Record extracts Block Start

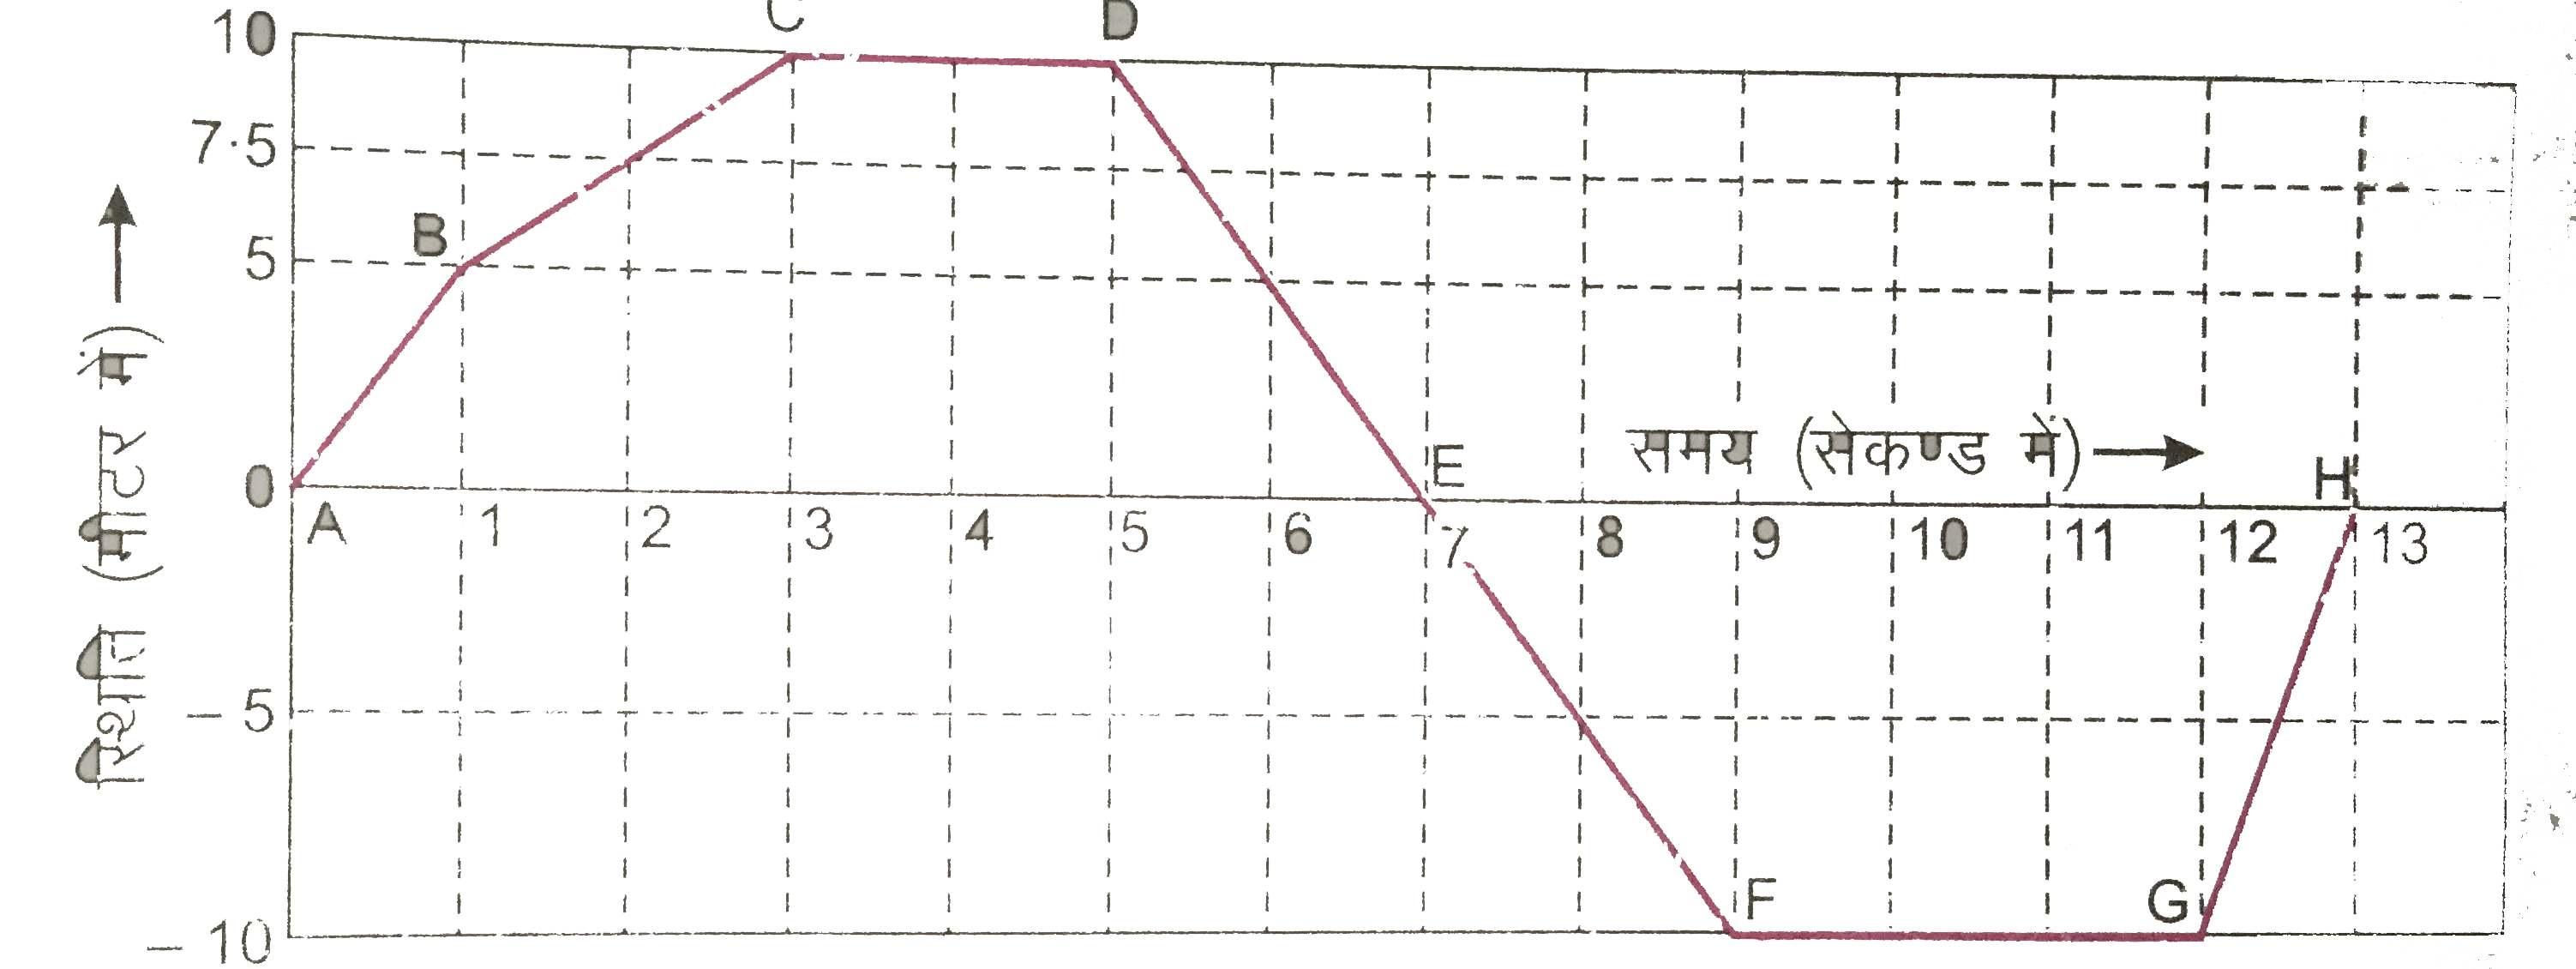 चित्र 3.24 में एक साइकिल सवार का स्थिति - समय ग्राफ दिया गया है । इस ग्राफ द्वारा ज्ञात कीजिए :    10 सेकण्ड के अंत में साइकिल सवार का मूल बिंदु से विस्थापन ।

Record extracts Block End
Record extracts Block Start

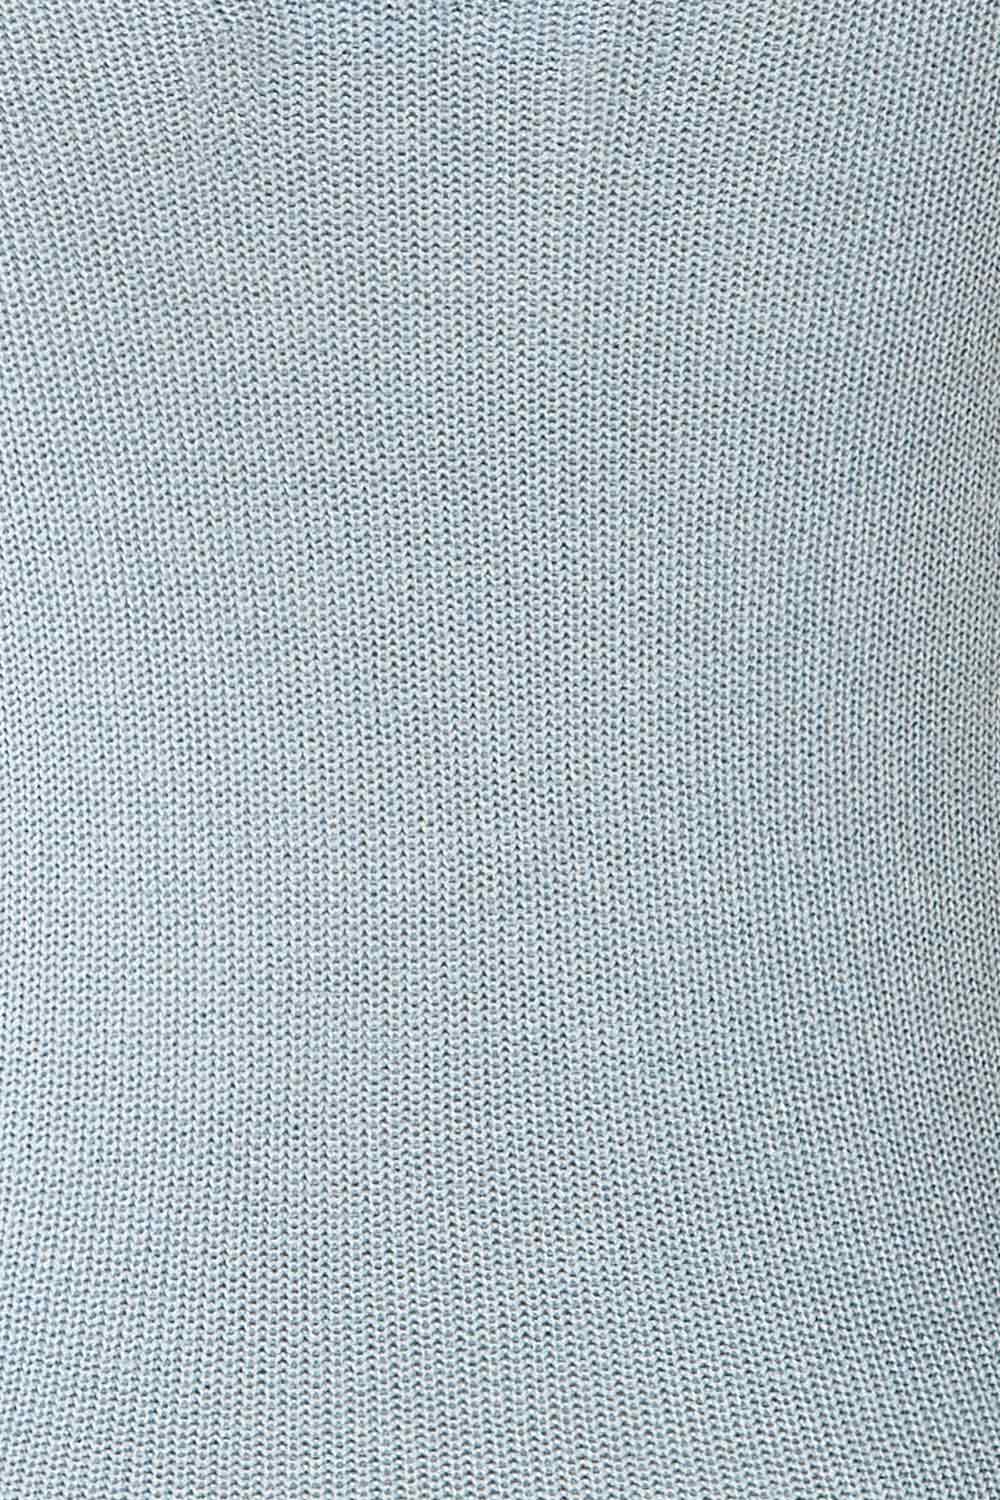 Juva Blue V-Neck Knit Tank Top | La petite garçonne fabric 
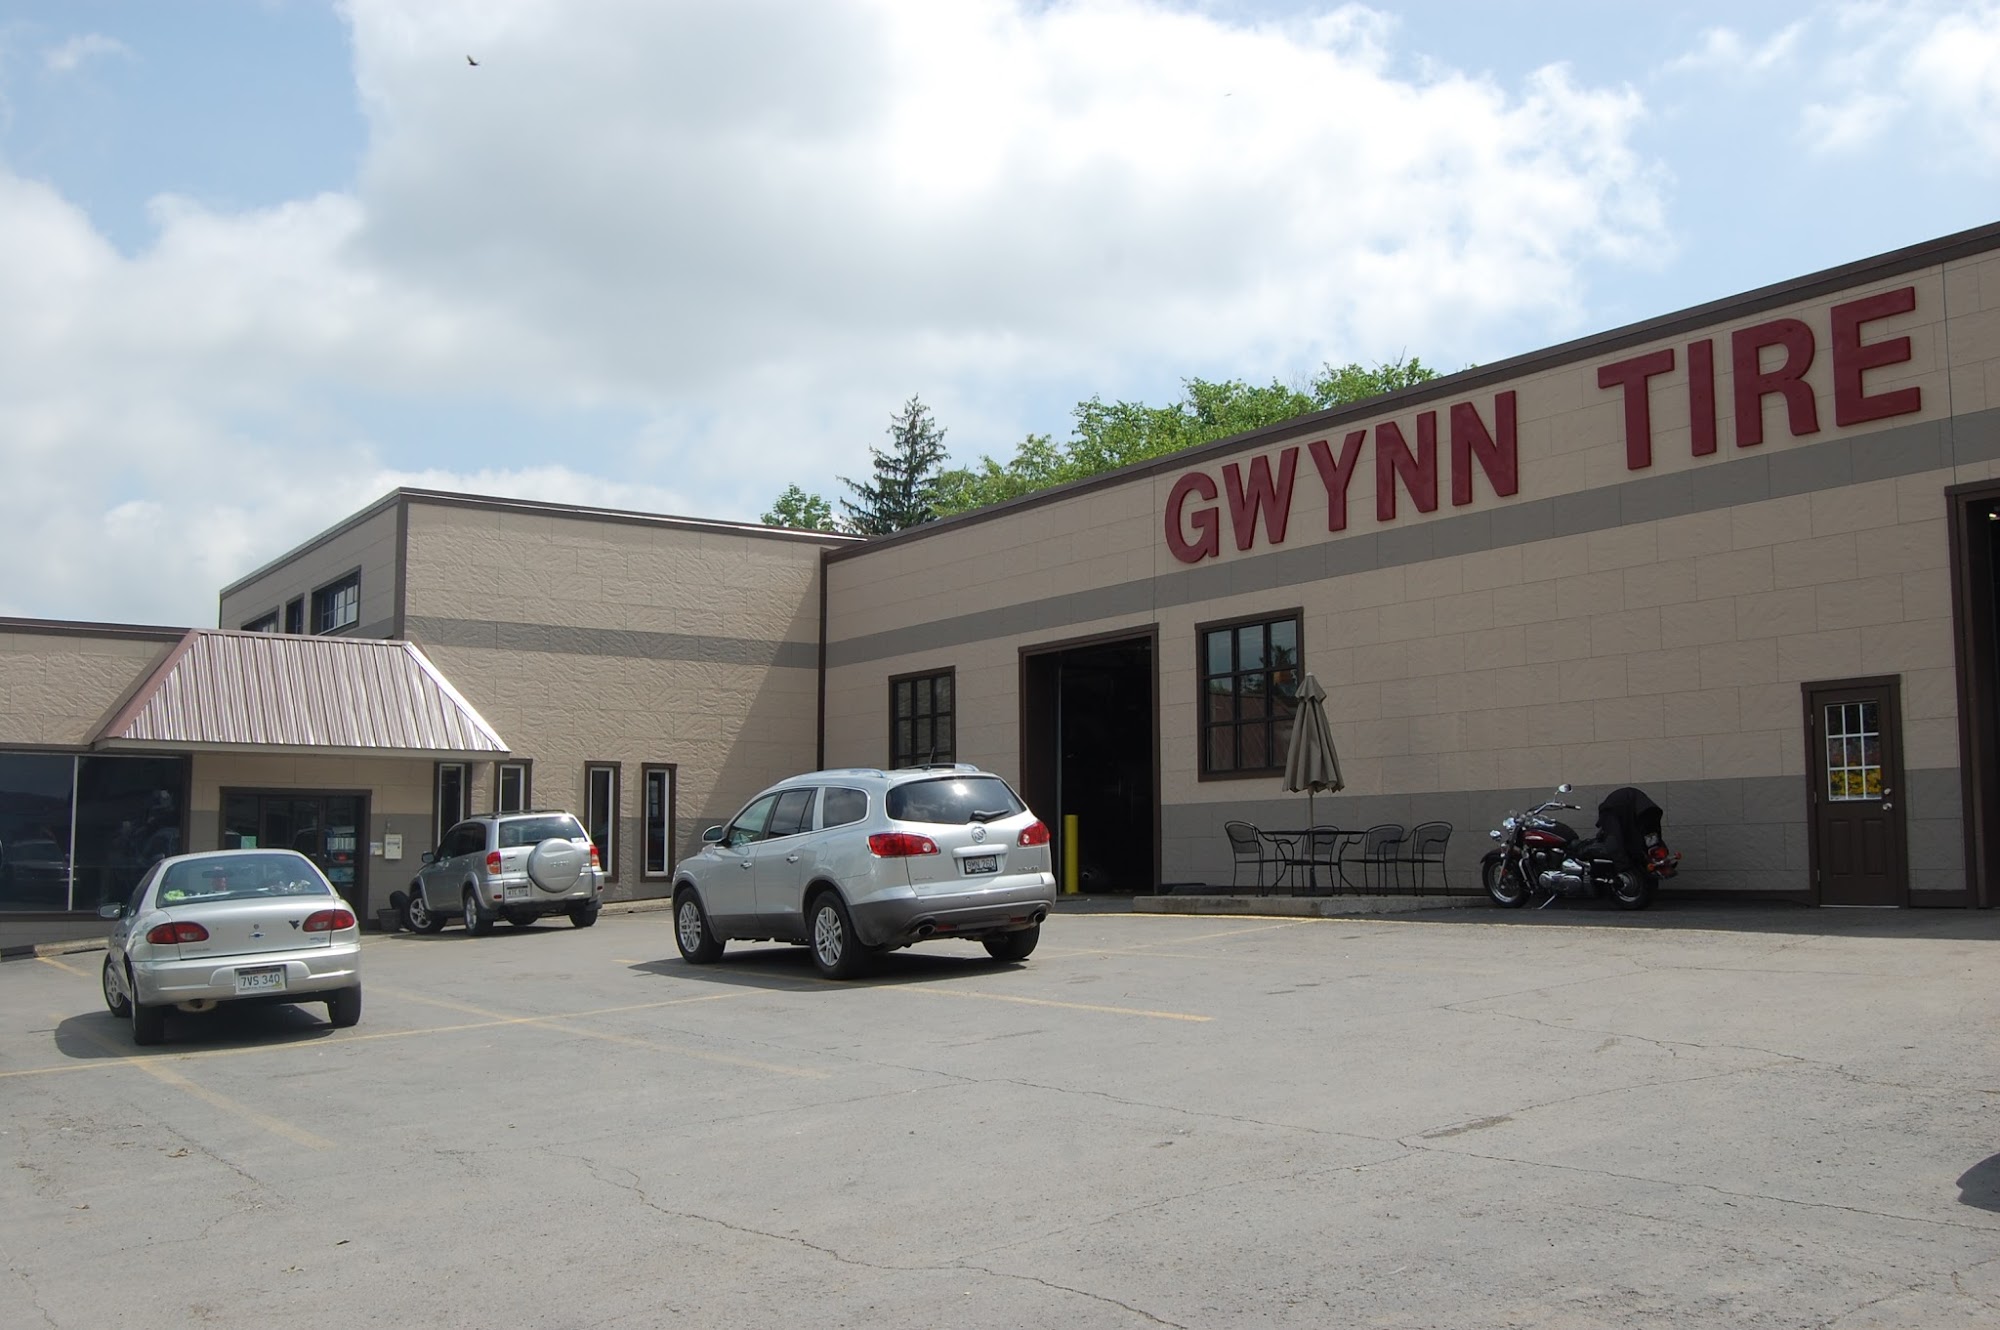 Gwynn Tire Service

Record extracts Block End

• Description of the task
From the material above, output only the span of lines that starts at the one containing "Juva Blue V-Neck" and finishes at the one containing "Gwynn Tire Service", word for word and free of pictures.

• Written solution
 Juva Blue V-Neck Knit Tank Top | La petite garçonne fabric 
 Gwynn Tire Service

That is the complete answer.